Date: Mon Apr 27 2026 - 02:28:16 EST


Public

> -----Original Message-----
> From: Srivatsa S. Bhat <srivatsa@xxxxxxxxxxxxx>
> Sent: Wednesday, April 22, 2026 9:20 AM
> To: Datta, Shubhrajyoti <shubhrajyoti.datta@xxxxxxx>
> Cc: linux-kernel@xxxxxxxxxxxxxxx; linux-edac@xxxxxxxxxxxxxxx; git (AMD-Xilinx)
> <git@xxxxxxx>; ptsm@xxxxxxxxxxxxxxxxxxx; shubhrajyoti.datta@xxxxxxxxx;
> Borislav Petkov <bp@xxxxxxxxx>; Tony Luck <tony.luck@xxxxxxxxx>
> Subject: Re: [PATCH] EDAC/versal: Report PFN and page offset for DDR errors
>
> Caution: This message originated from an External Source. Use proper caution
> when opening attachments, clicking links, or responding.
>
>
> On Wed, Apr 15, 2026 at 11:32:39AM +0530, Shubhrajyoti Datta wrote:
> > Currently, DDRMC correctable and uncorrectable error events are
> > reported to EDAC with page frame number (pfn) and offset set to zero.
> > This information is not useful to locate the address for memory errors.
> >
> > Compute the physical address from the error information and extract
> > the page frame number and offset before calling edac_mc_handle_error().
> > This provides the actual memory location information to the userspace.
> >
> > Fixes: 6f15b178cd63 ("EDAC/versal: Add a Xilinx Versal memory
> > controller driver")
> > Signed-off-by: Shubhrajyoti Datta <shubhrajyoti.datta@xxxxxxx>
> > ---
> >
> > drivers/edac/versal_edac.c | 36 +++++++++++++++++-------------------
> > 1 file changed, 17 insertions(+), 19 deletions(-)
> >
> > diff --git a/drivers/edac/versal_edac.c b/drivers/edac/versal_edac.c
> > index 5a43b5d43ca2..18045f96610e 100644
> > --- a/drivers/edac/versal_edac.c
> > +++ b/drivers/edac/versal_edac.c
> > @@ -414,34 +414,32 @@ static unsigned long convert_to_physical(struct
> > edac_priv *priv, union ecc_error static void handle_error(struct
> > mem_ctl_info *mci, struct ecc_status *stat) {
>
> [...]
>
> > if (stat->error_type == XDDR_ERR_TYPE_CE) {
>
> [...]
>
> > + } else if (stat->error_type == XDDR_ERR_TYPE_UE) {
>
> [...]
> > + } else {
> > + return;
>
> I like the cleanup contributed by this patch (in terms of reducing code
> duplication) in addition to the actual fix. However, this patch also introduces a
> subtle behavior change - the existing code calls
> memset() to clear out the ecc_status struct unconditionally, but this patch
> doesn't call memset if the error type is not CE or UE (i.e., in the early return
> path).
>
> Was this change intentional? Wouldn't it potentially cause stale data to be left
> over in the ecc_status struct, affecting future reuse?

Hi Srivatsa,
Thanks for the review.

The early return in handle_error is intentionally safe. get_error_info is always called before handle_error:

if (get_error_info(priv))
return;
handle_error(mci, &priv->stat);

get_error_info already guards against non-CE/UE events:

if (!eccr0_ceval && !eccr1_ceval && !eccr0_ueval && !eccr1_ueval)
return 1;

So handle_error is only ever reached when at least one CE or UE error is present, making the else { return; } branch unreachable in practice. The removed memset in that path was overprotective dead code.

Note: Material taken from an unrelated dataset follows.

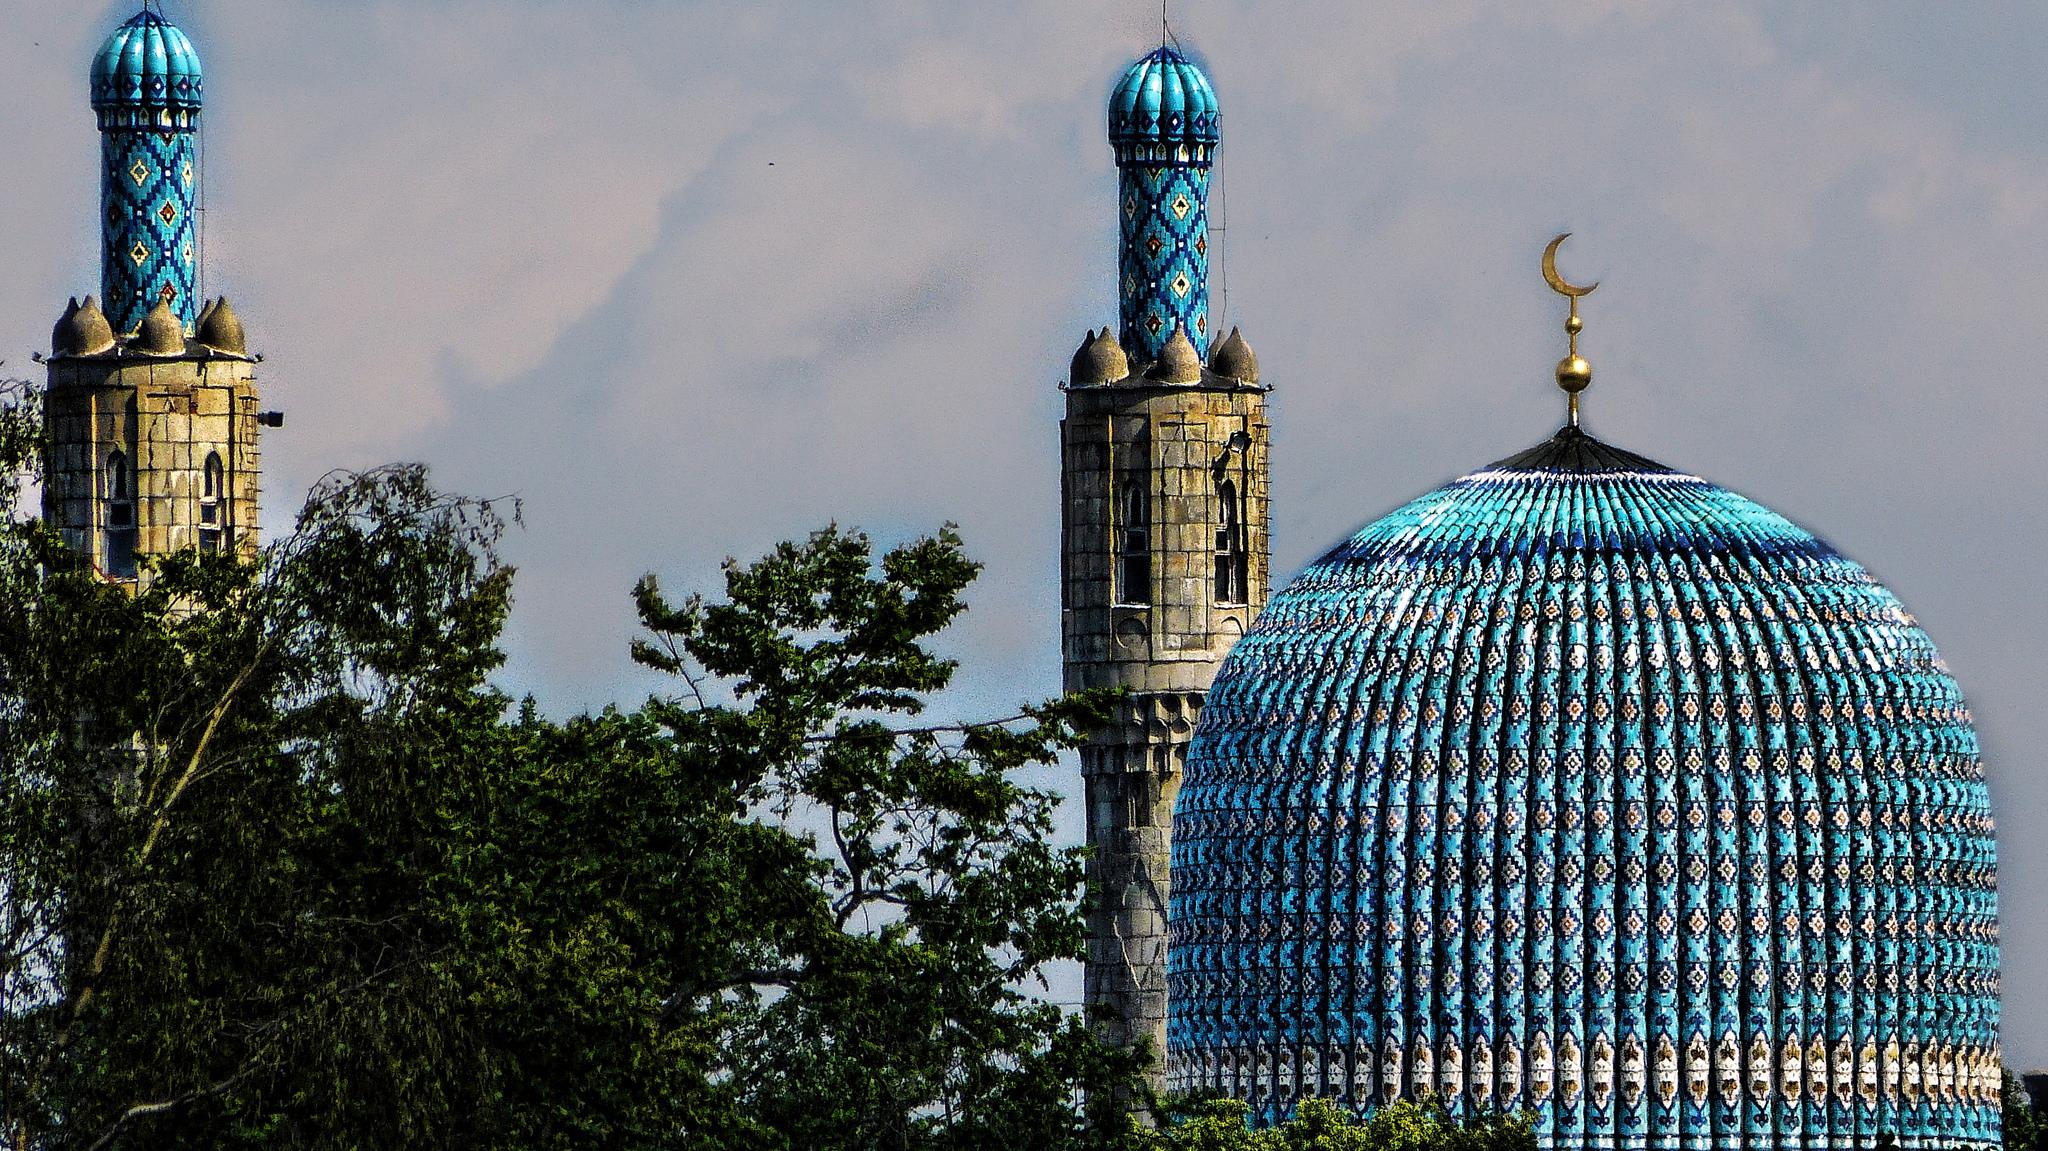 Галерея из десяти уникальных российских мечетей, от Москвы до самого северного города в мире.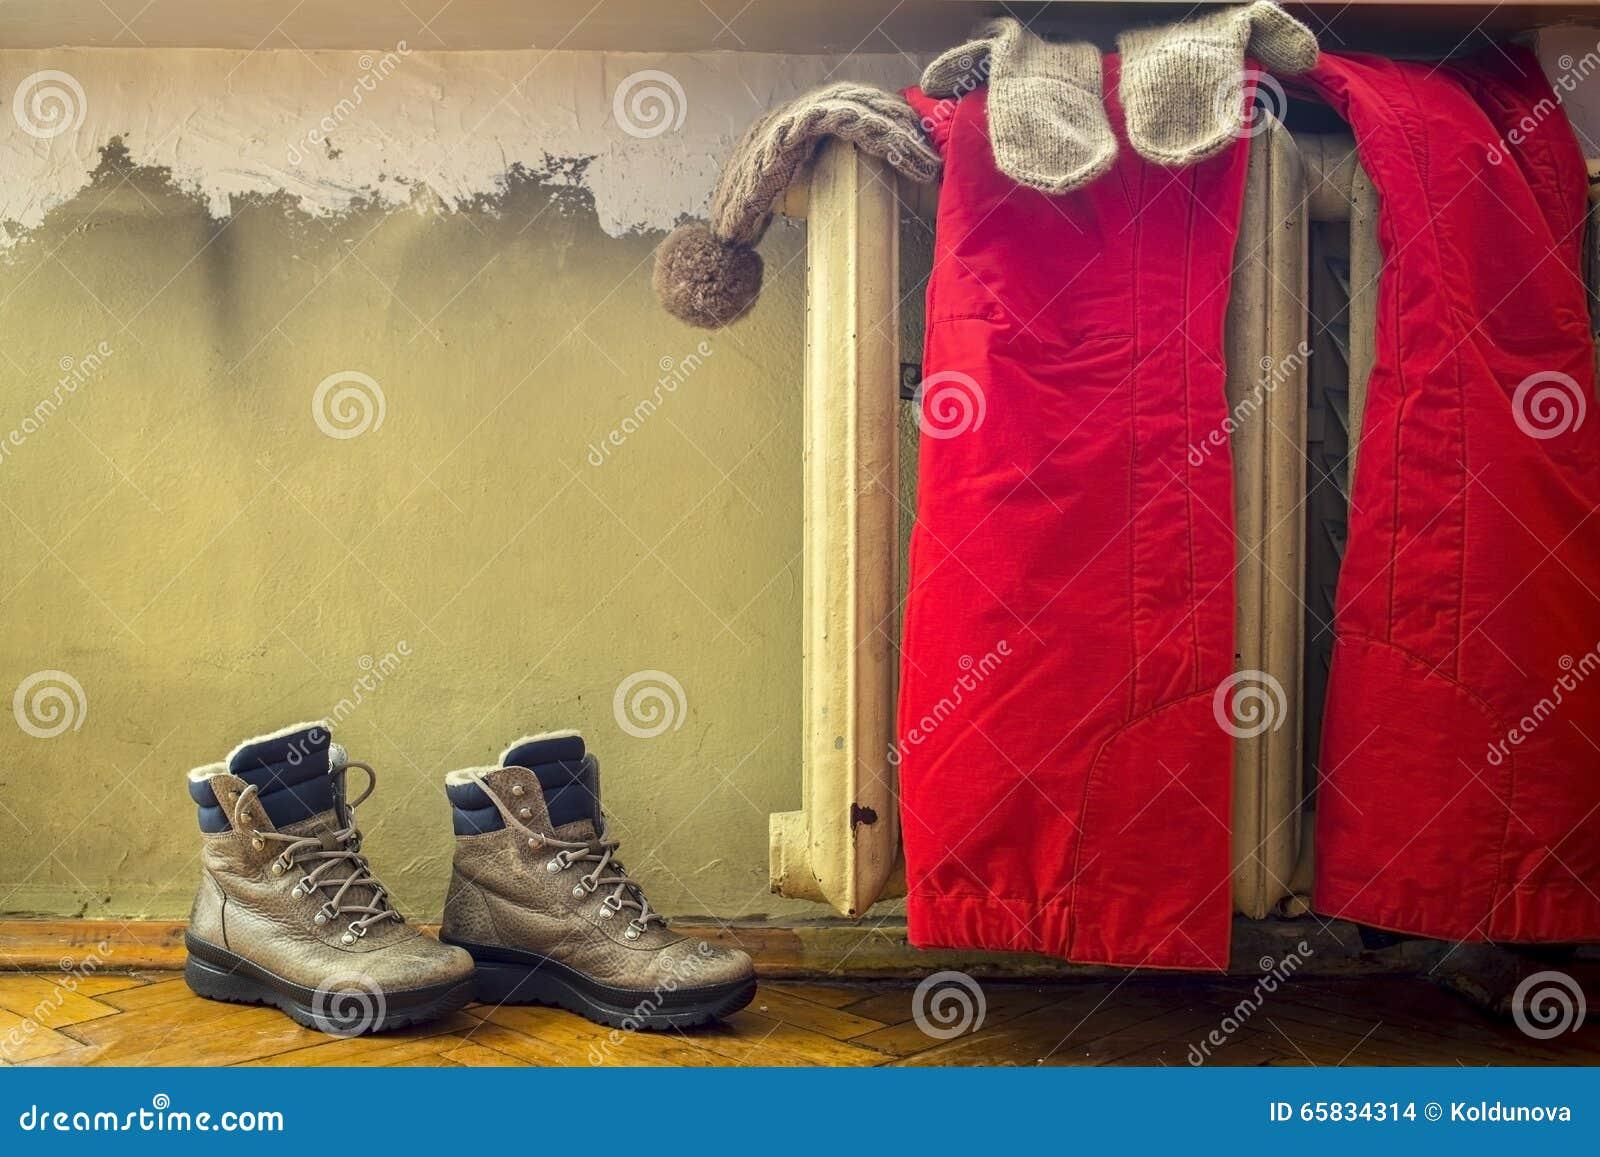 Ντύνει την ένωση σε ένα θερμό παλαιό θερμαντικό σώμα, εκτός από το οποίο παπούτσι στάσεων

For future events, get_error_info always reloads the data fresh before handle_error runs, so there is no risk of stale data.

I can add a comment above handle_error noting this precondition if that would help future readers.

Regards,
Shubhrajyoti


>
> [...]
>
> > +
> > memset(stat, 0, sizeof(*stat));
> > }
> >
>
> If the expectation is to actually clear it out unconditionally, it would be great to
> document it in the comments (if not done already).
>
> Thank you!
>
> Regards,
> Srivatsa
> Microsoft Linux Systems Group